I appreciate the help.
Thanks!
data = {'A':['000','001','002','003'],
'B':['Name0','Name1','Name2','Name3'],
'C':[27,24,35,68],
'D':['@DI','@DI','@DI','@DI']}
Upvotes: -1
Views: 60
Reputation: 14949
You can split the string based on '@'. Then you need to group them (split function will do that). Finally, Change the value of required columns and use pd.explode to get the result.
check if that's what you need, then I can explain in detail.
df['split'] = df['B'].str.split('@')
def split(id,x):
if len(x) <= 1:
return np.NaN
a_list = [id]
b_list = []
c_list = []
d_list = []
for index,i in enumerate(x):
if index % 4 == 0:
b_list.append(i)
elif (index+1)%4 == 0:
a_list.append(i)
elif (index+2) % 4 ==0:
i = '@' + str(i)
d_list.append(i)
else:
c_list.append(i)
return [a_list,b_list,c_list,d_list]
df['split'] = df.apply(lambda x: split(x['A'],x['split']), axis=1)
# df[]=df['split'].str[1]
df.loc[(~df['split'].isnull()), 'A'] = df.loc[(~df['split'].isnull()), 'split'].str[0]
df.loc[(~df['split'].isnull()), 'B'] = df.loc[(~df['split'].isnull()), 'split'].str[1]
df.loc[(~df['split'].isnull()), 'C'] = df.loc[(~df['split'].isnull()), 'split'].str[2]
df.loc[(~df['split'].isnull()), 'D'] = df.loc[(~df['split'].isnull()), 'split'].str[3]
df = df.drop('split', axis=1)
df = df.apply(pd.Series.explode)
Output -
A B C D
0 000 Name0 27 @DI
1 001 Name1 24 @DI
2 002 Name2 35 @DI
2 003 Name3 68 @DI
Upvotes: 1
Reputation: 174
It seems a physical work rather than a technical work:)

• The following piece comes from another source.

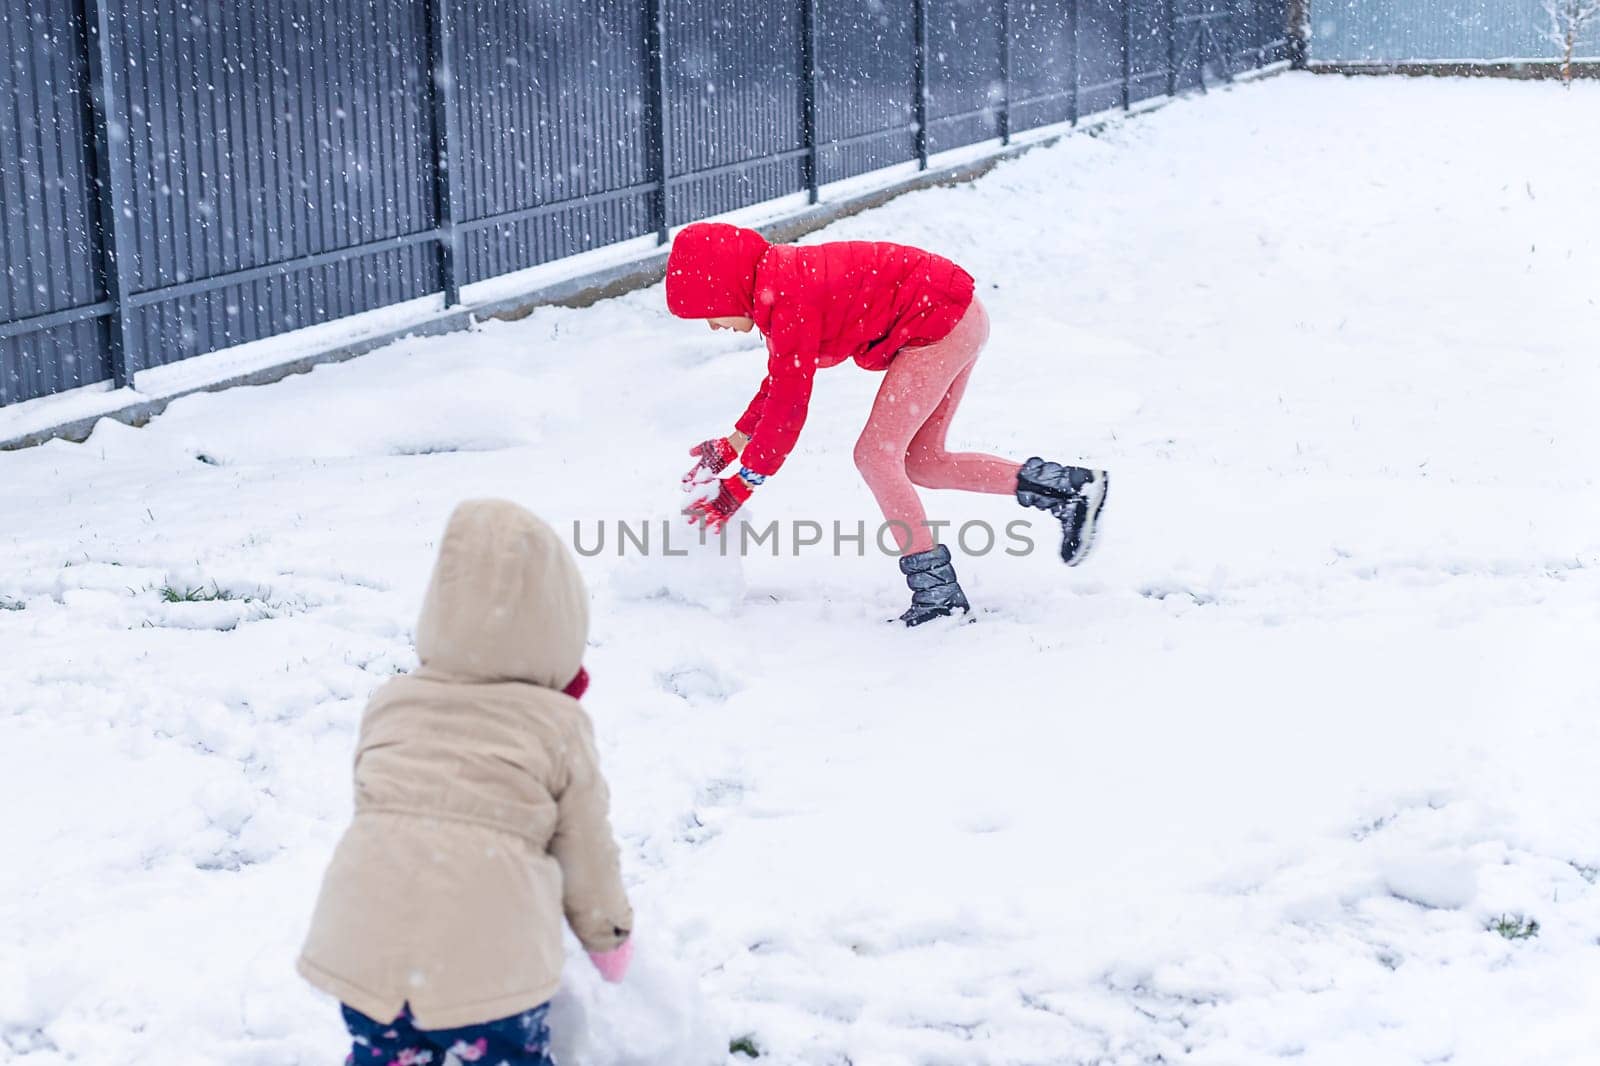 Children make a snowman in winter. Selective focus. Kid.
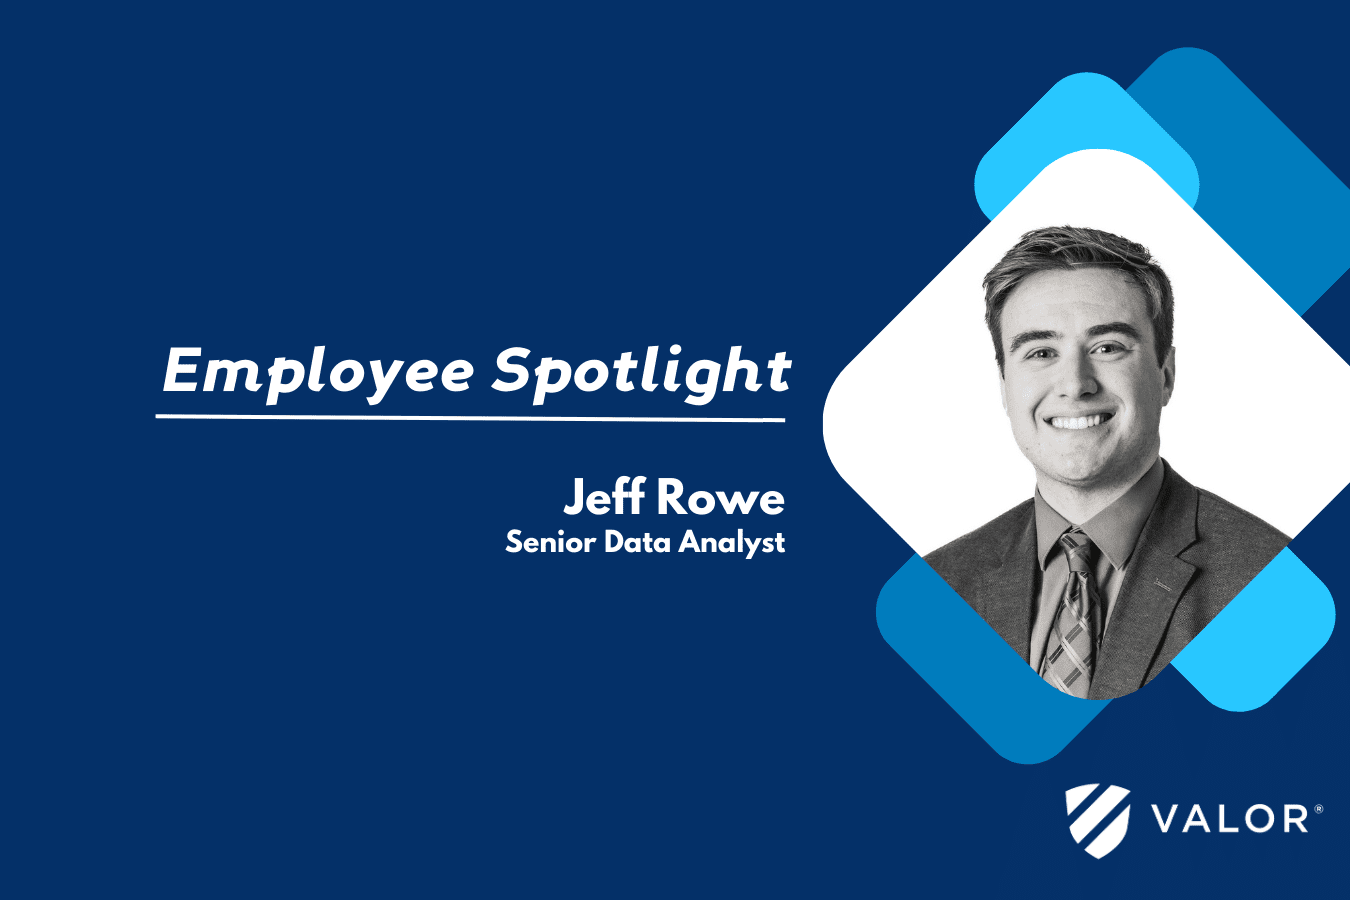 Jeff Rowe, Valor's Senior Data Analyst

entry_list = df.loc[2, 'B'].split(' ')
df.loc[2, 'B'] = entry_list[0]
entry_list = entry_list[3:]
lines = []
for i in range(0, len(entry_list), 4):
raw_line = entry_list[i:i+4]
line = [item.replace('@', '') for item in raw_line[:-1]]
line.append(raw_line[-1])
lines.append(line)
df = pd.concat([df, pd.DataFrame(lines, columns=df.columns)]).reset_index(drop=True)
Upvotes: 1